After loading the model for the first time, it’s necessary to provide some data, which can be random data, to run the model once to "warm up" the model. The primary purpose of this is to allocate any potentially required memory space.

Equipment deployment

It is recommended to use the cuda platform, because the inference speed of the CPU only is slow, which basically cannot meet the requirements of realistic scenes.

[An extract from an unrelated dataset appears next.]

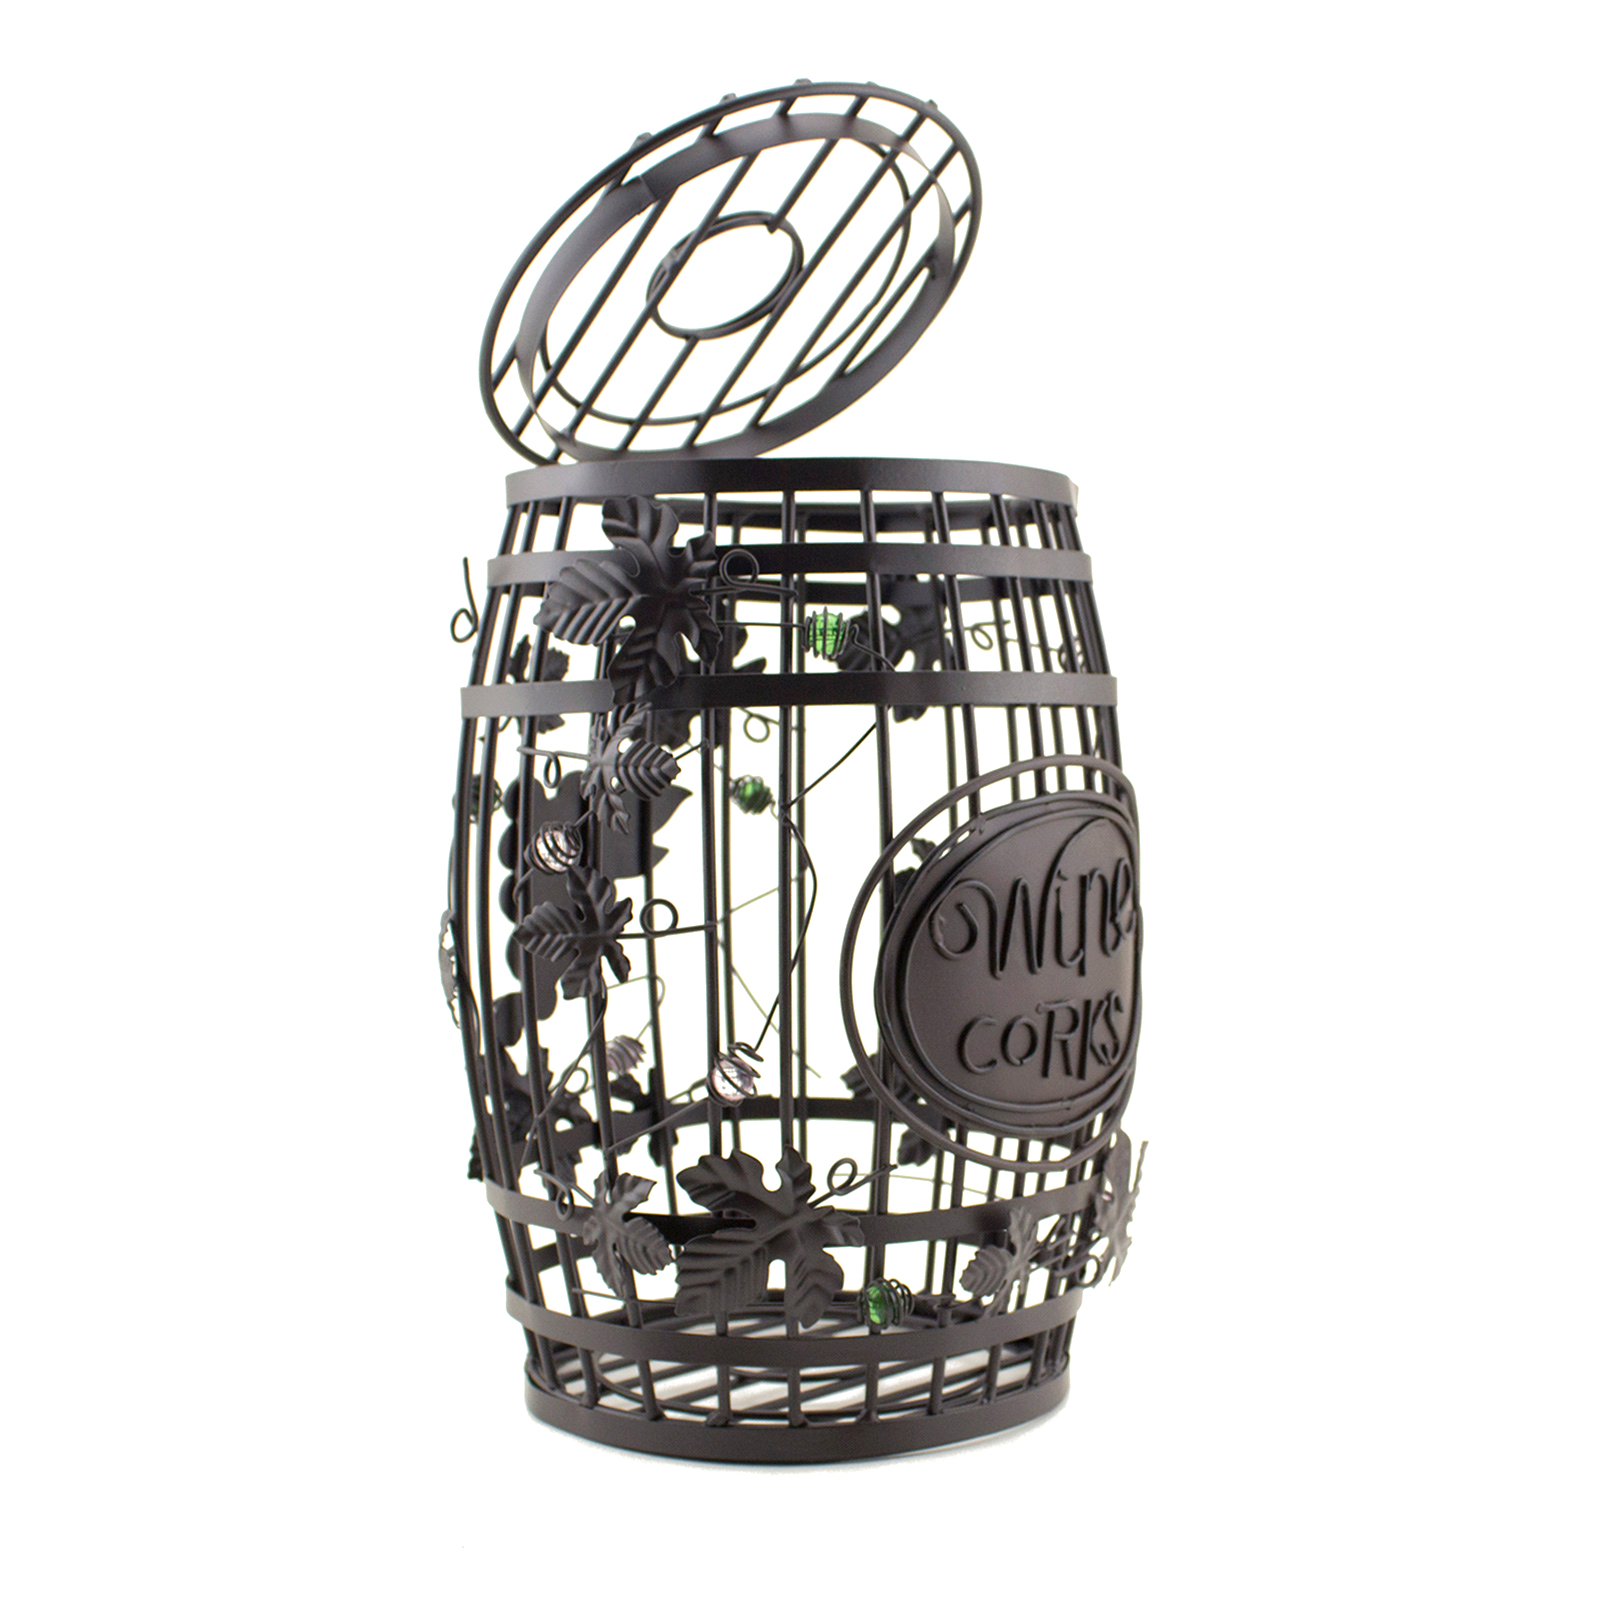 wine barrel cork holder home kitchen decor organization metal barrel cage

If you choose to run this model on certain edge devices, it is recommended that you convert it to the TensorRT engine to accelerate the entire inference process.

5. Frequently asked question (FAQ)

1. If I don’t want to use the recommended environment configuration, what is the order for selecting versions when manually installing the environment?

Operating system -> GPU driver version -> cudnn version -> cuda version -> torch version -> torchvision version -> python version

Perform installation and adaptation in the order listed above.

2. What factors primarily affect the speed of image recognition?

The main factor is the hardware computing power, the higher the computing power, the shorter the inference time.

3. How is this model used during robotic arm calibration?

The model can assist in further confirming the coordinates of the object in the camera frame. If the calculation results in the robotic arm frame are required, additional transformations based on hand-eye calibration results are needed.

6. Update log

Update dateUpdate contentVersion
2024.08.16New contentV1.0
  • This project is subject to the MIT license.